Example: Use Dependency Inversion to extract a domain concept
##
# BAD: methods related to integrations defined in Project.
class Project
has_many :integrations
def find_or_initialize_integrations
# ...
end
def find_or_initialize_integration(name)
# ...
end
def disabled_integrations
# ...
end
def ci_integrations
# ...
end
# many more methods...
end
##
# GOOD: All logic related to Integrations is enclosed inside the `Integrations::`
# bounded context.
module Integrations
class ProjectIntegrations
def initialize(project)
@project = project
end
def all_integrations
@project.integrations # can still leverage caching of AR associations
end
def find_or_initialize(name)
# ...
end
def all_disabled
all_integrations.disabled
end
def all_ci
all_integrations.ci_integration
end
end
end
Real example of similar refactoring.
Design software around use-cases, not entities
Rails, through the power of Active Record, encourages developers to design entity-centric software. Controllers and API endpoints tend to represent CRUD operations for both entities and service objects. New database columns tend to be added to existing entity tables despite referring to different use-cases.
This anti-pattern often manifests itself in one or more of the following:
- Different preconditions checked for different use cases.
- Different permissions checked in the same abstraction (service object, controller, serializer).
- Different side-effects executed in the same abstraction for various implicit use-cases. For example, “if field X changed, do Y”.
Anti-pattern example
We have Groups::UpdateService
which is entity-centric and reused for radically different
use cases:
- Update group description, which requires group admin access.
- Set namespace-level limit for compute quota, like
shared_runners_minutes_limit
which requires instance admin access.
These 2 different use cases support different sets of parameters. It’s not likely or expected that
an instance administrator updates shared_runners_minutes_limit
and also the group description. Similarly, it’s not expected
for a user to change branch protection rules and shared runners settings at the same time.
These represent different use cases, coming from different domains.
Solution
Design around use cases instead of entities. If the personas, use case and intention is different, create a separate abstraction:
- A different endpoint (controller, GraphQL, or REST) nested to the specific domain of the use case.

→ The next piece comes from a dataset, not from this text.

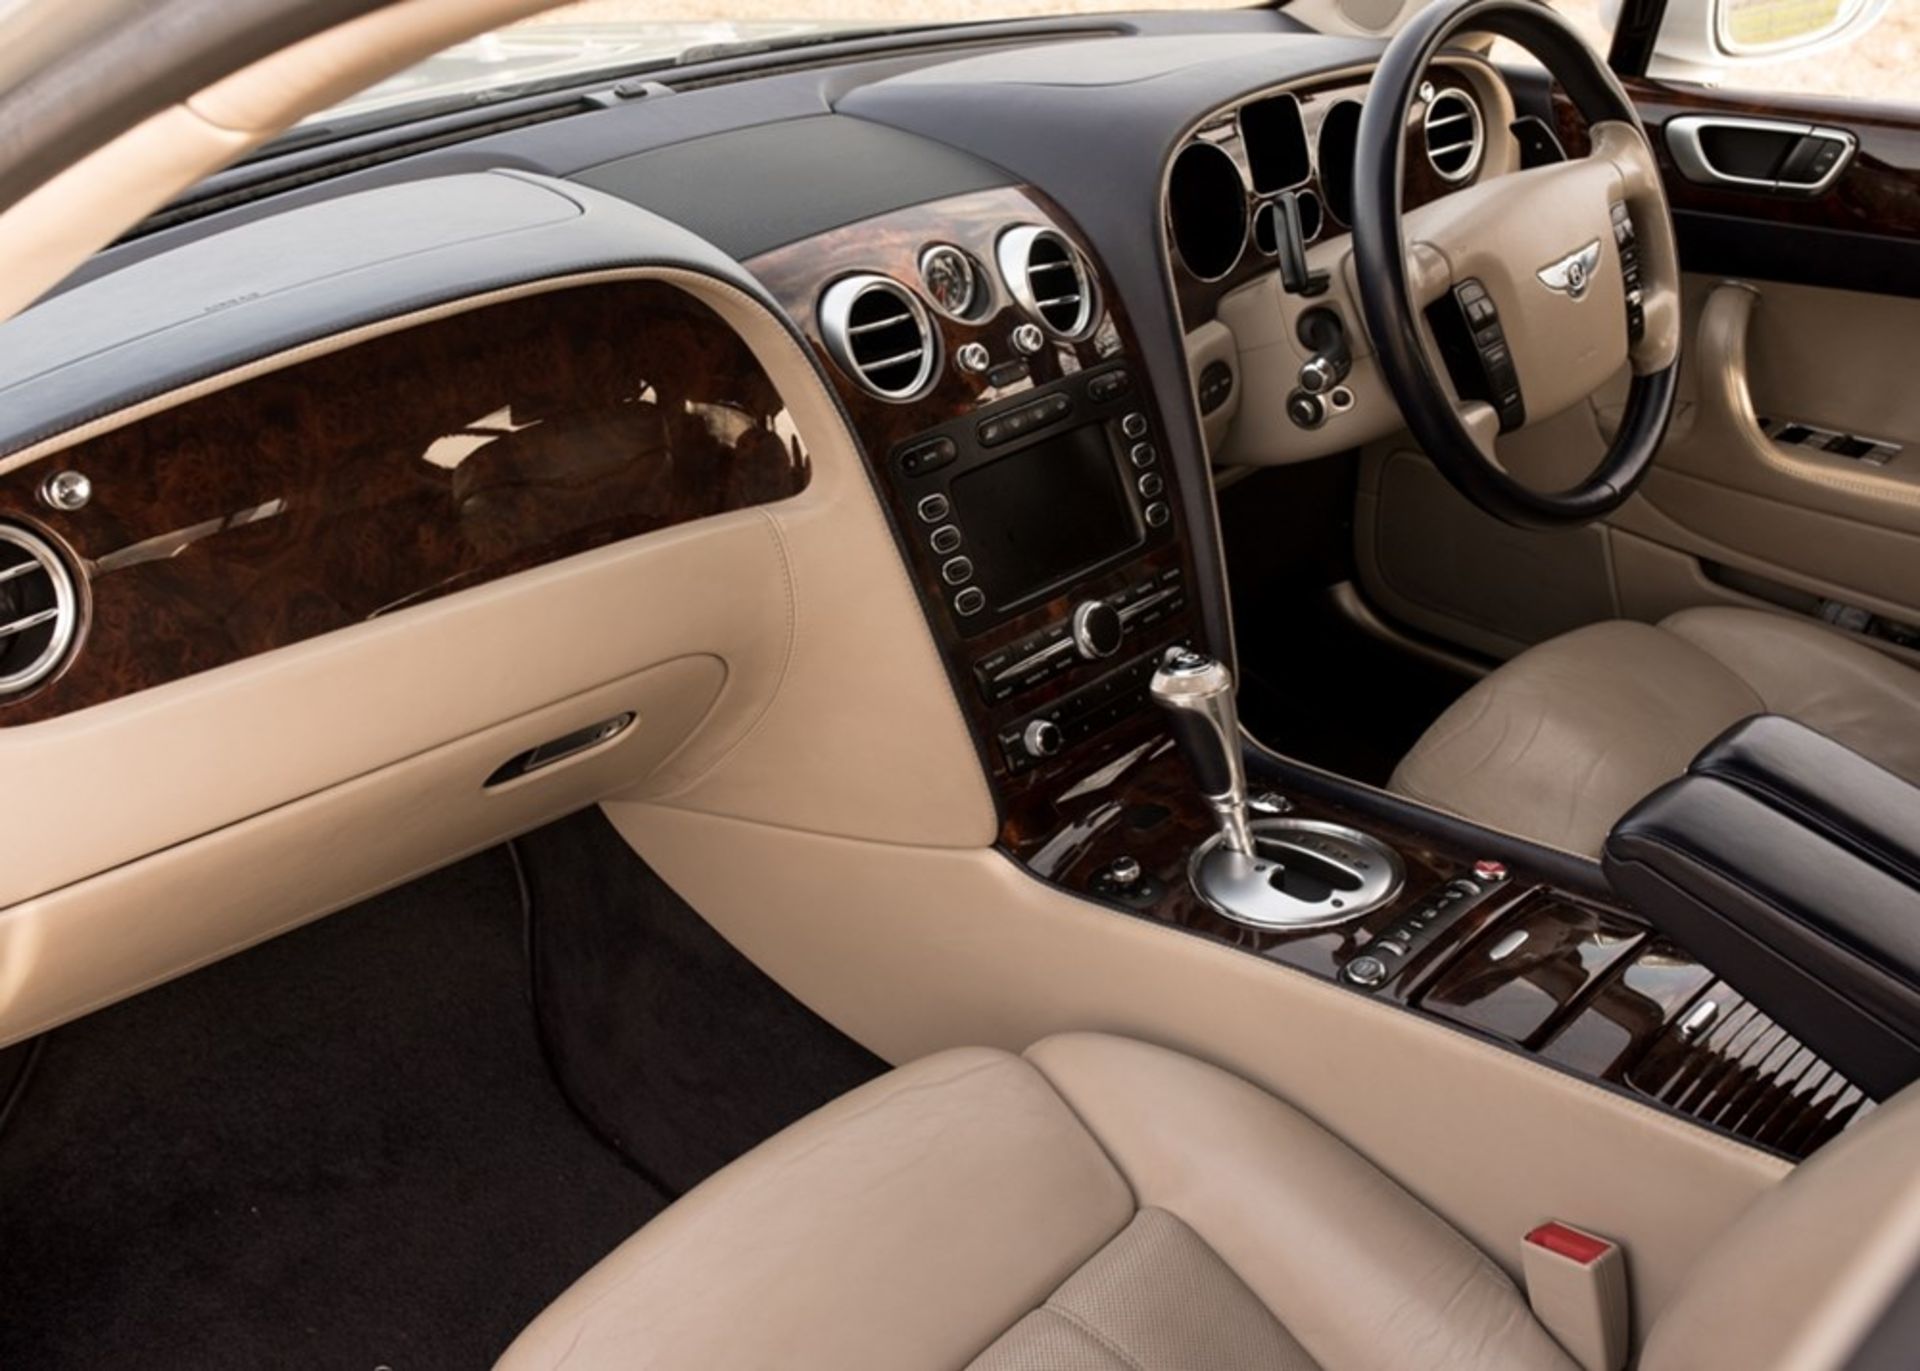 2006 Bentley Continental Flying Spur - Image 4 of 8

- A different service object that embeds the specific permissions and a cohesive set of parameters.
For example,
Groups::UpdateService
for group admins to update generic group settings.Ci::Minutes::UpdateLimitService
would be for instance admins and would have a completely different set of permissions, expectations, parameters, and side-effects.
Ultimately, this requires leveraging the principles in Taming Omniscient classes. We want to achieve loose coupling and high cohesion by avoiding the coupling of unrelated use case logic into a single, less-cohesive class. The result is a more secure system because permissions are consistently applied to the whole action. Similarly we don’t inadvertently expose admin-level data if defined in a separate model or table. We can have a single permission check before reading or writing data that consistently belongs to the same use case.